### INFORMATION SHOWN
++++++
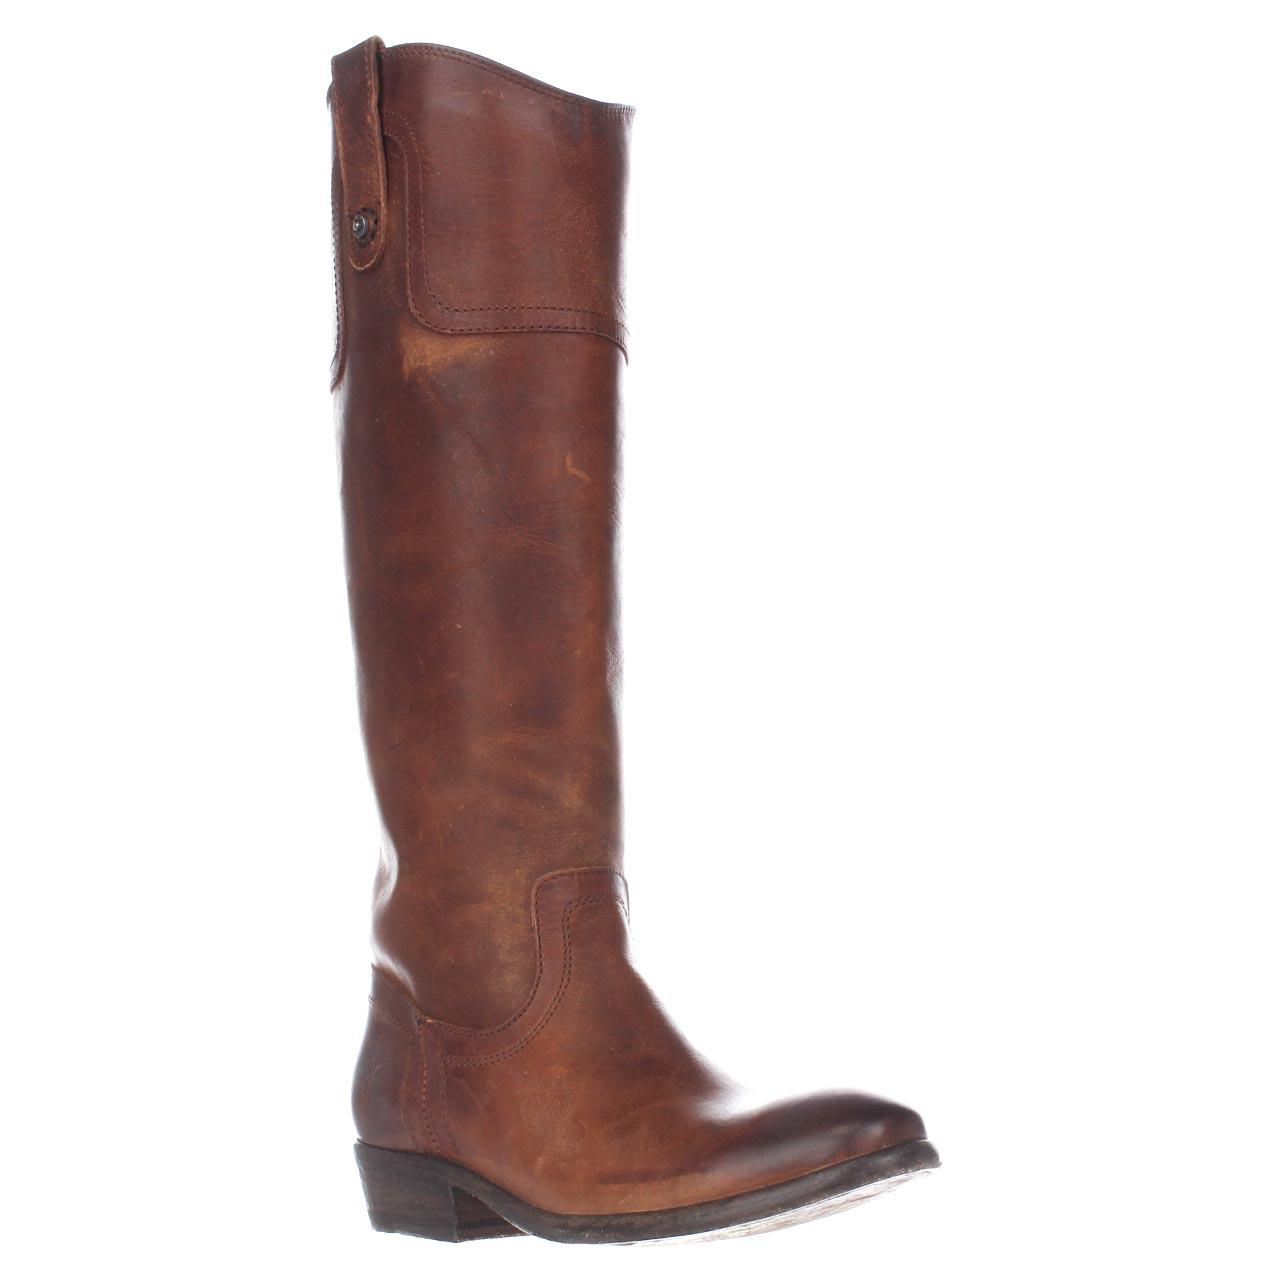 Womens FRYE Carson Riding Button Western Tall Boots - Cognac
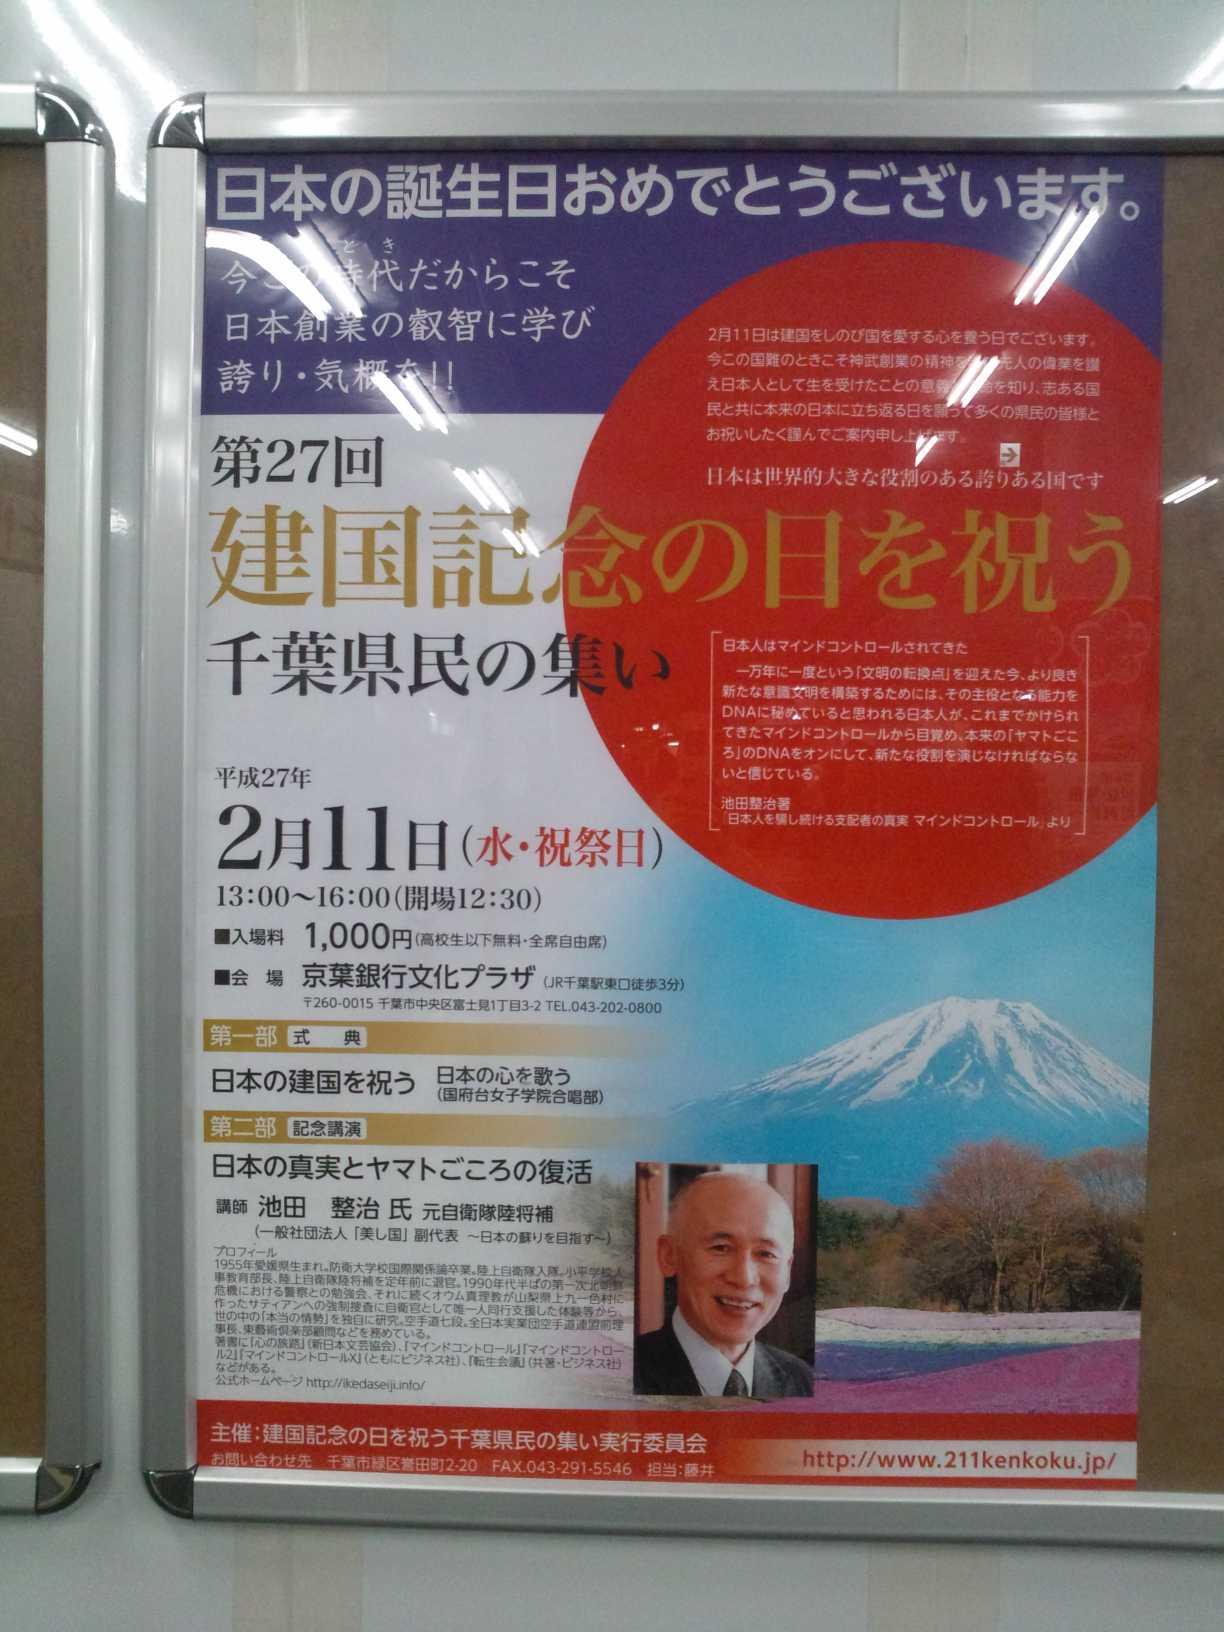 http://211kenkoku.jp/20150206201049s.jpg
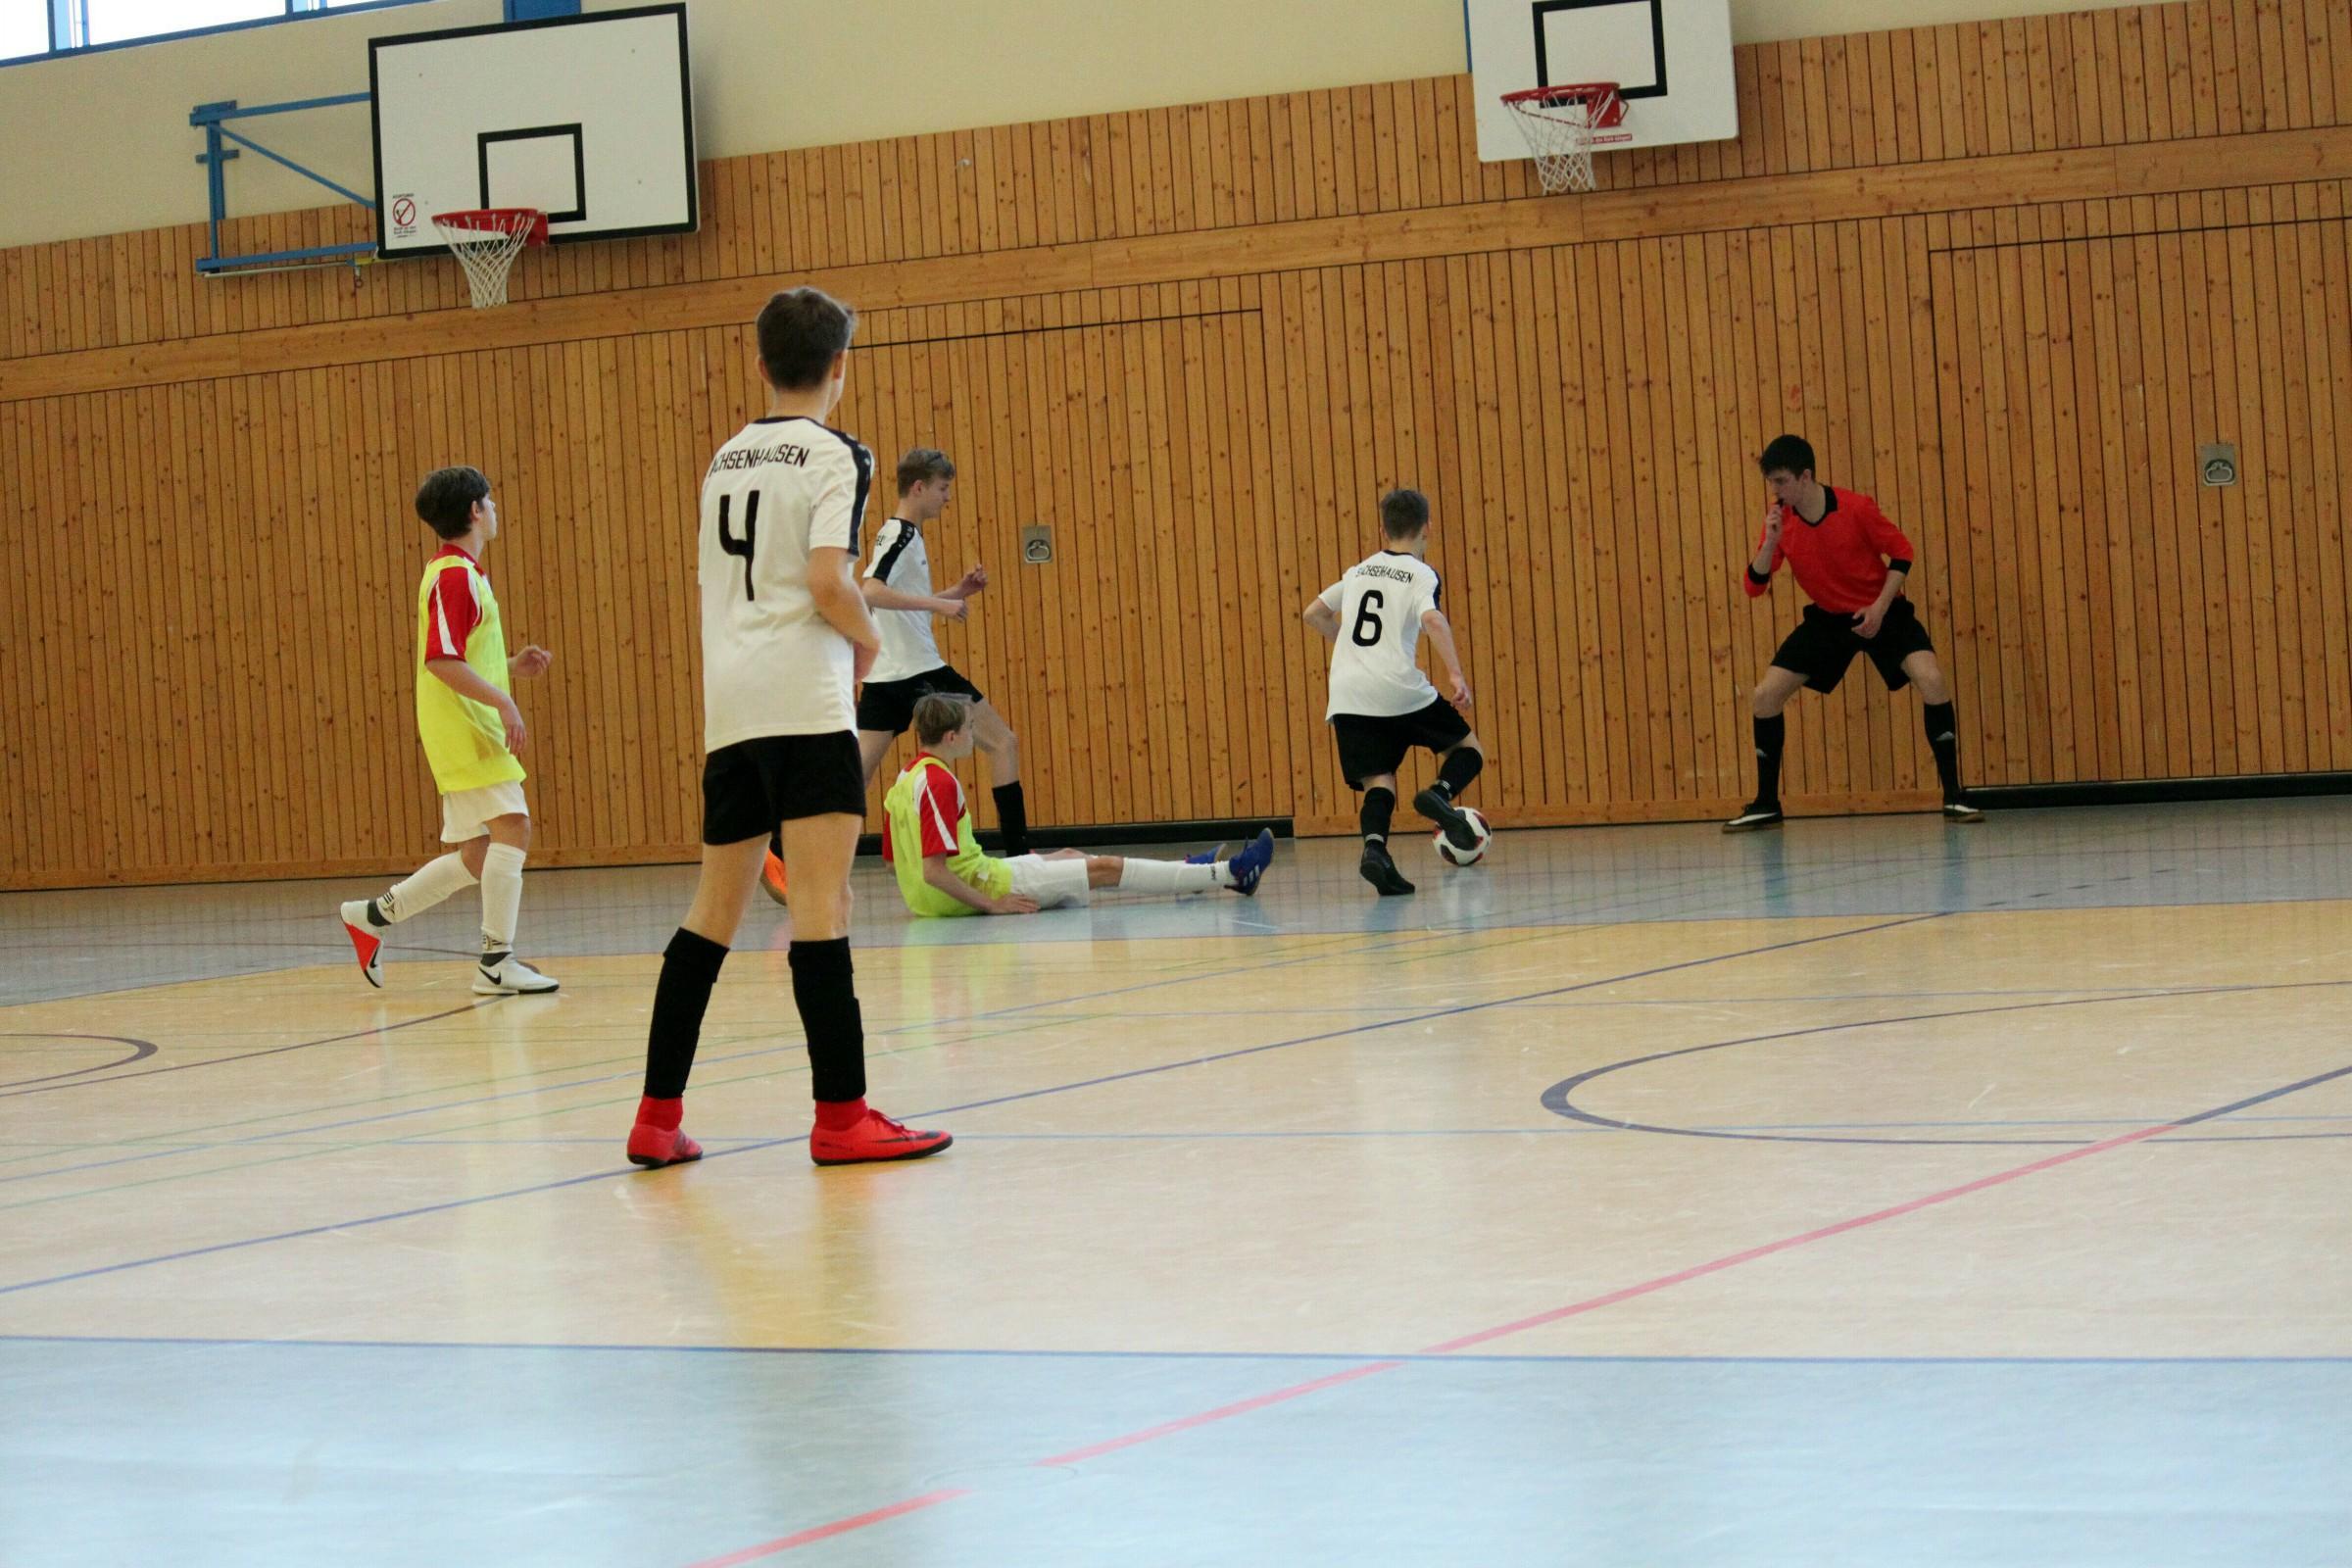 20190217 3. Wandlitzer Hallen-Cup der C-Junioren  (3)
++++++
### HOW TO COMPLETE THIS TASK
Without the pictures, transcribe the listing above exactly.

### SOLVED PROBLEM
 Womens FRYE Carson Riding Button Western Tall Boots - Cognac
 http://211kenkoku.jp/20150206201049s.jpg
 20190217 3. Wandlitzer Hallen-Cup der C-Junioren  (3)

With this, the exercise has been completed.